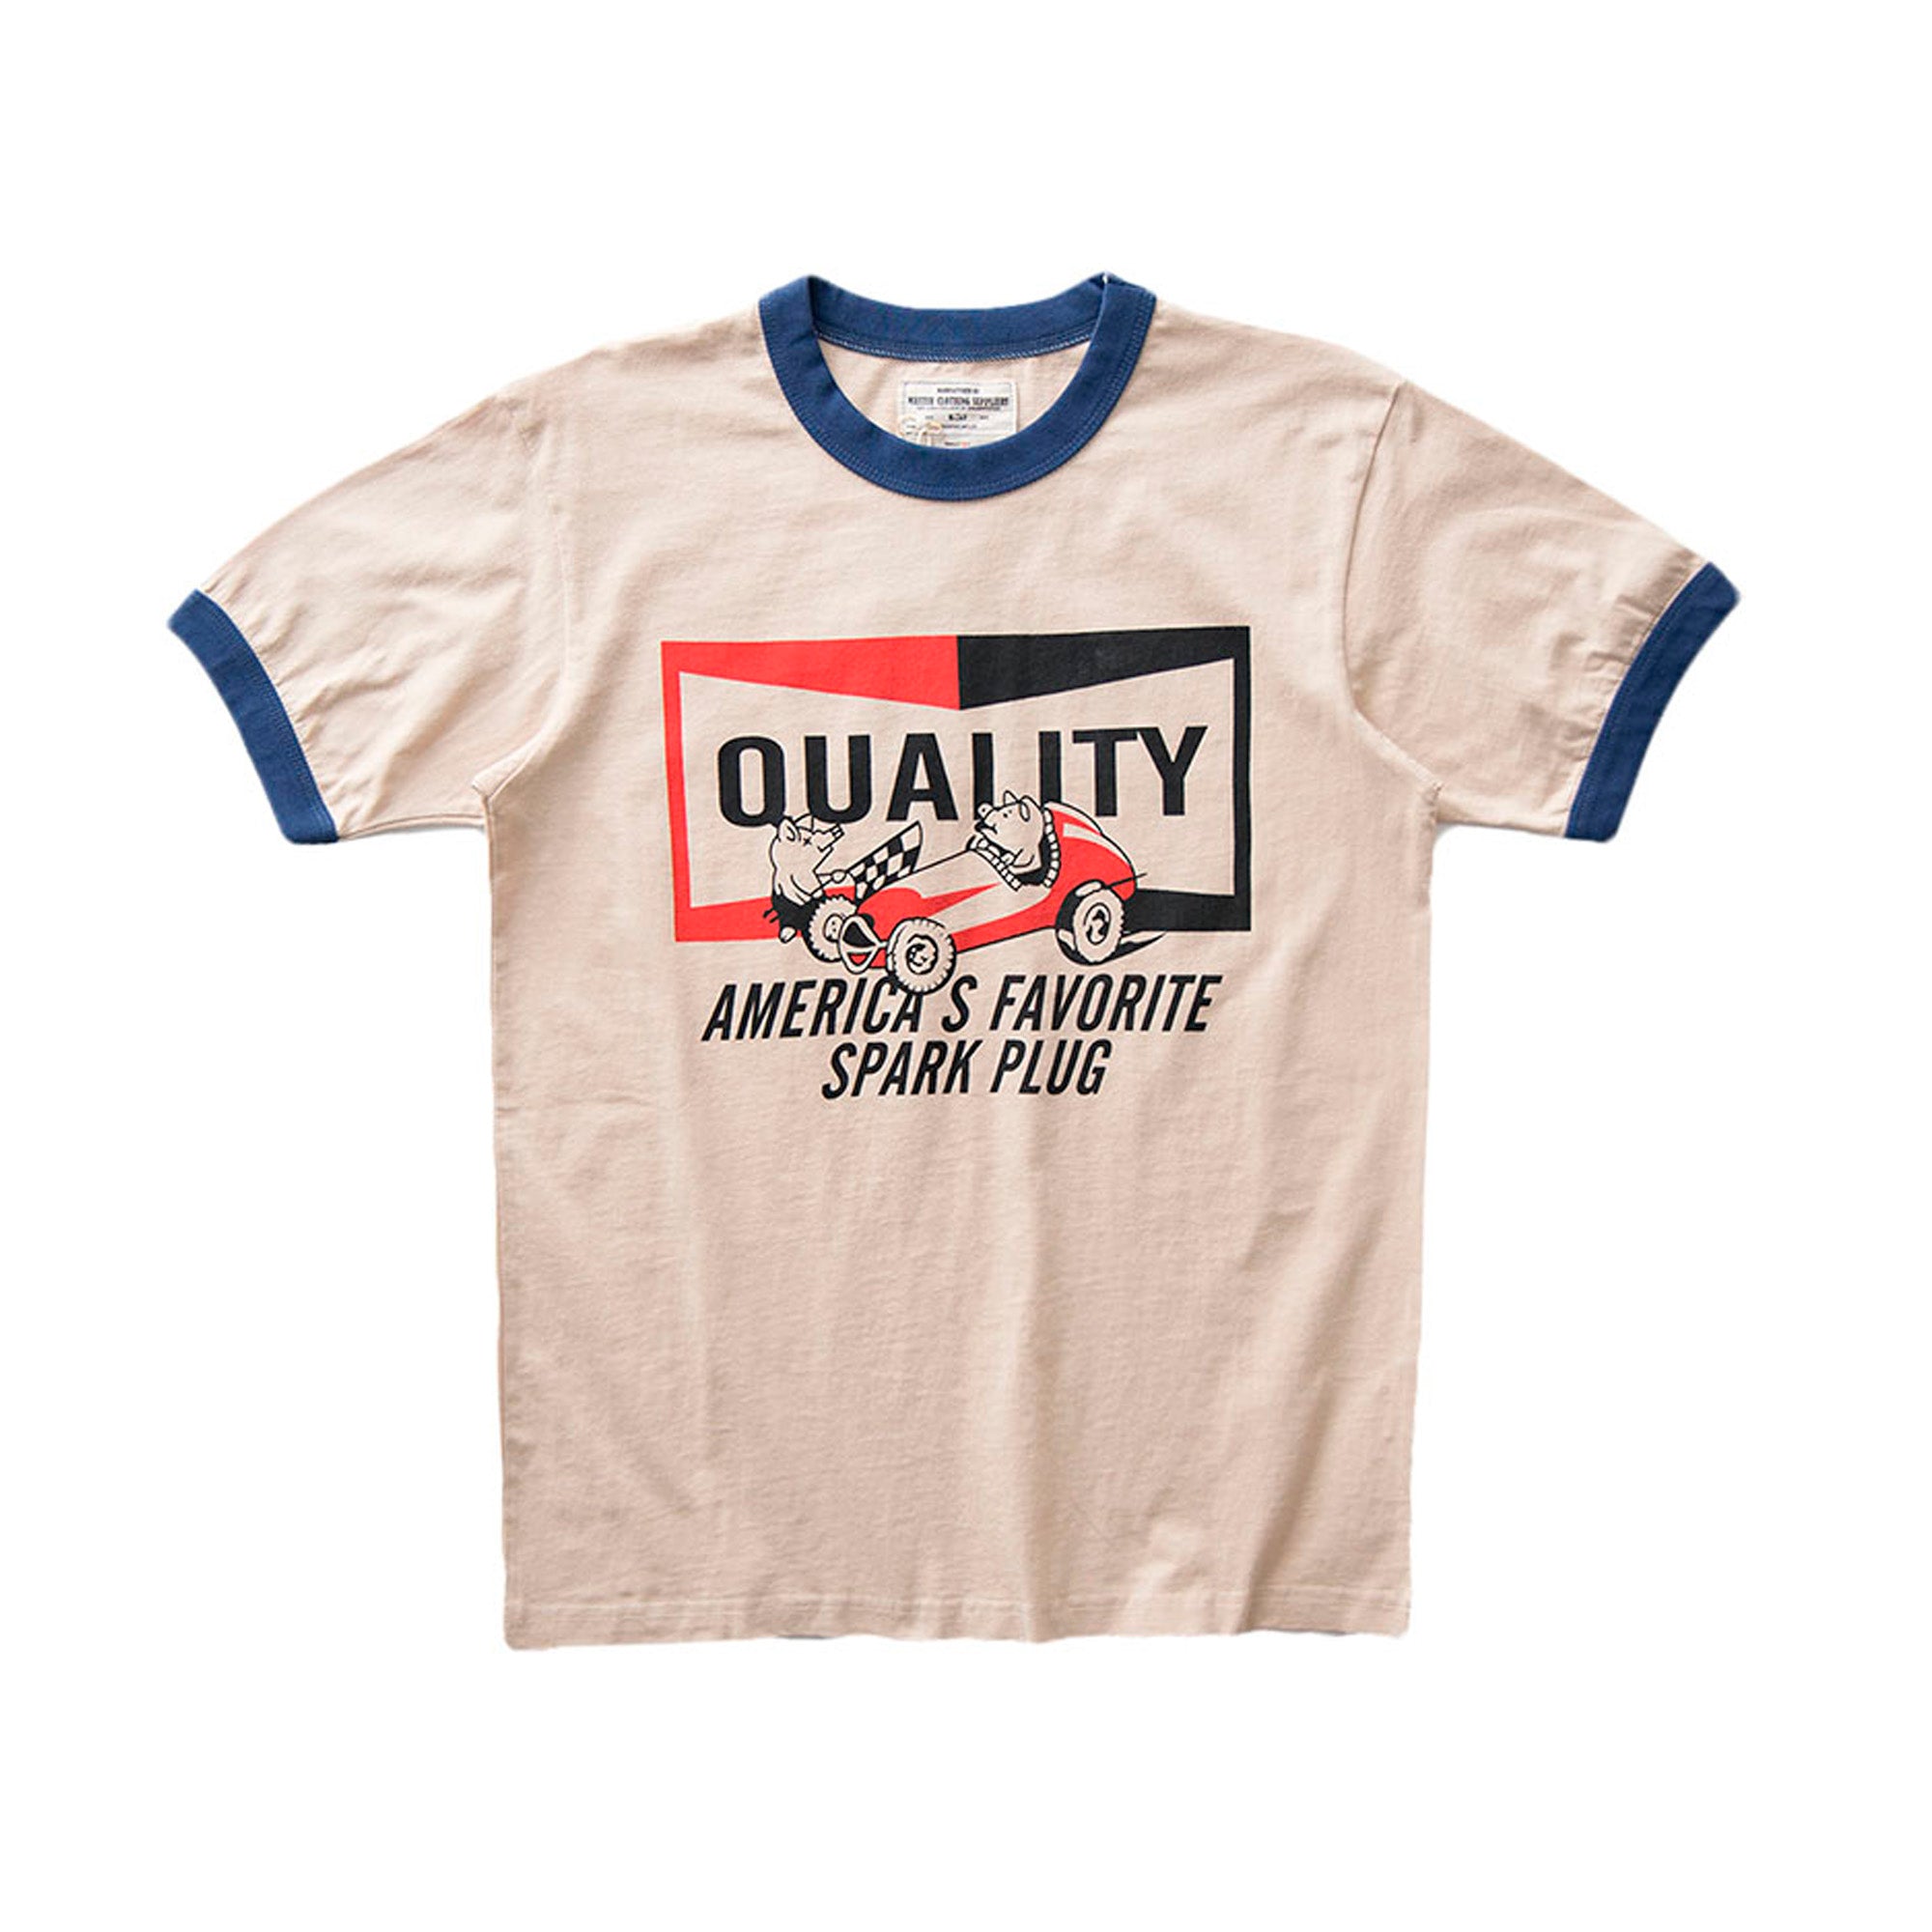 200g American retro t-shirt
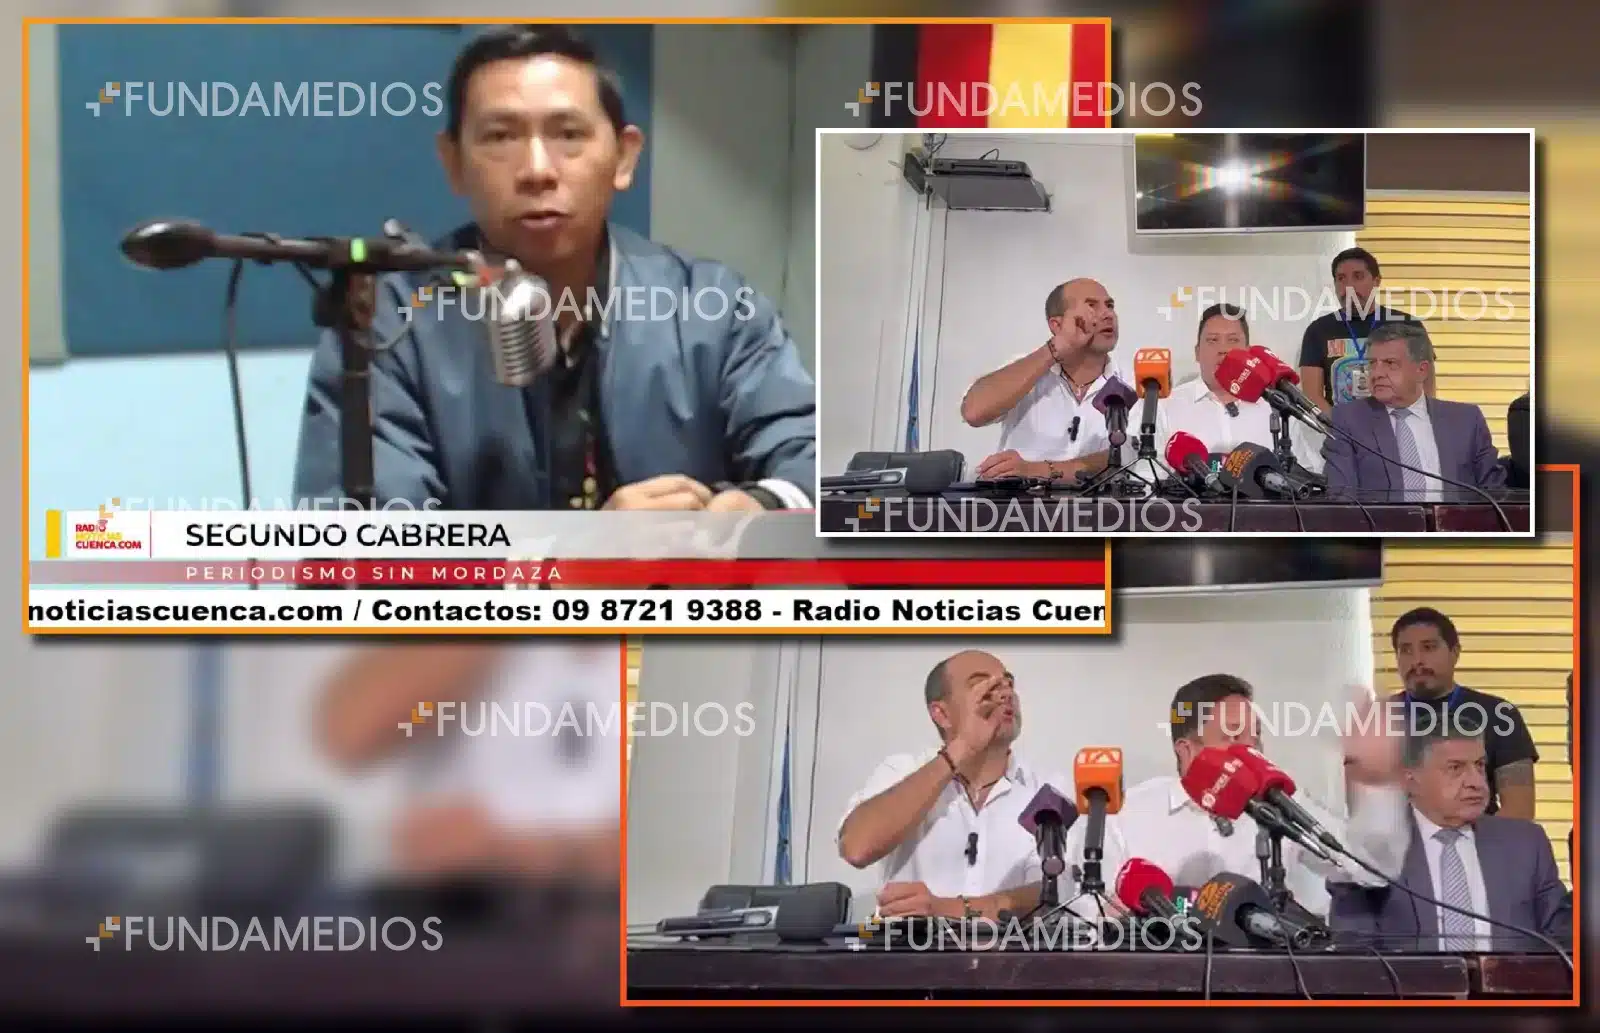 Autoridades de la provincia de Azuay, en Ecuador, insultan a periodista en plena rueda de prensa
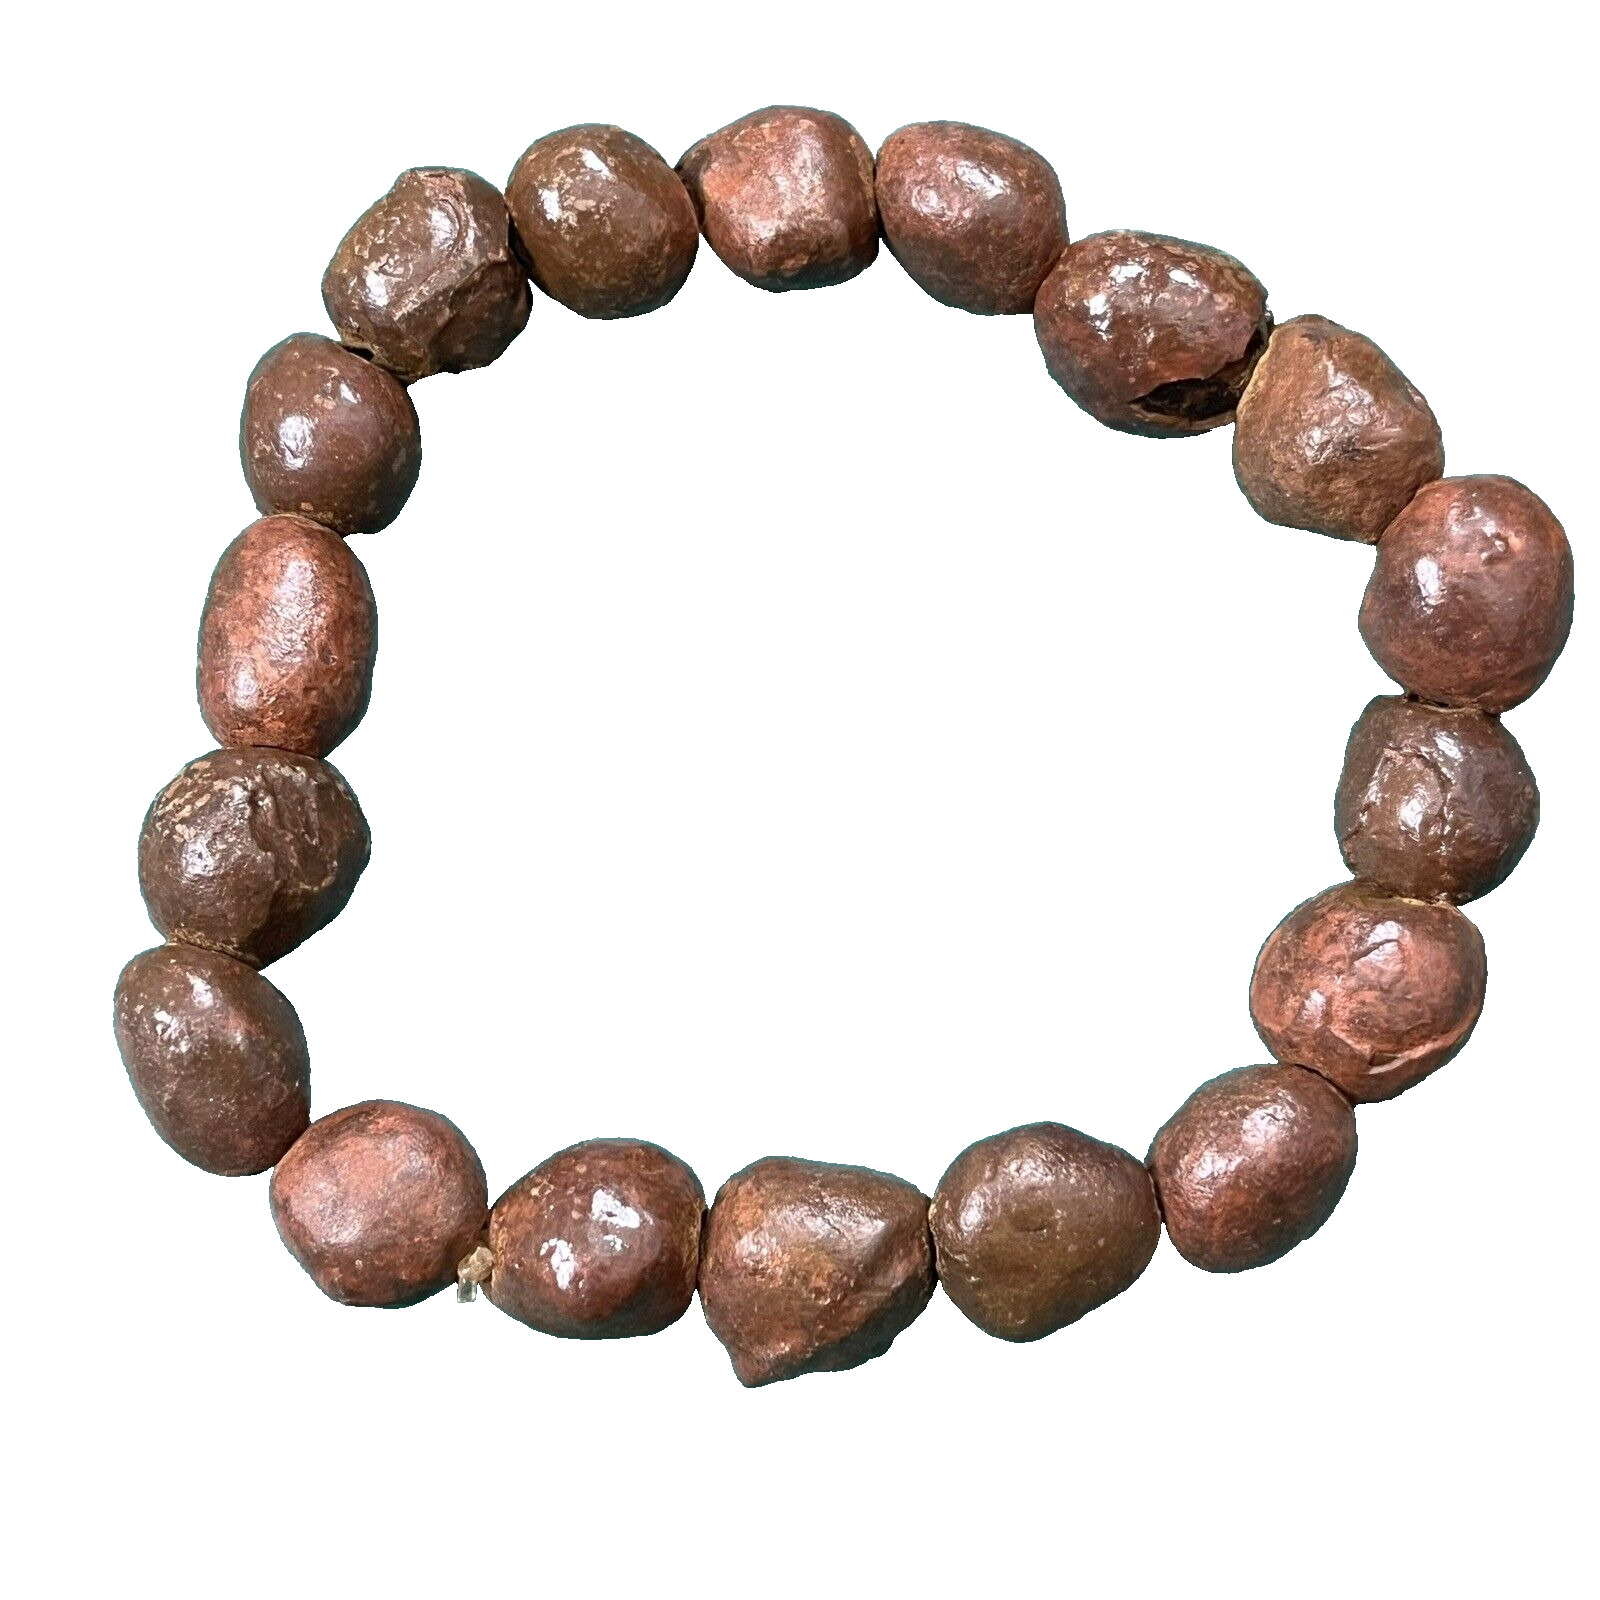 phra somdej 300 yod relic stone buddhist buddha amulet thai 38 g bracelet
——
What the task requires: Print the whole listing again exactly, please. No pictures.

Solution for this task:
 200g American retro t-shirt
 Autoridades de la provincia de Azuay, en Ecuador, insultan a periodista en plena rueda de prensa
 phra somdej 300 yod relic stone buddhist buddha amulet thai 38 g bracelet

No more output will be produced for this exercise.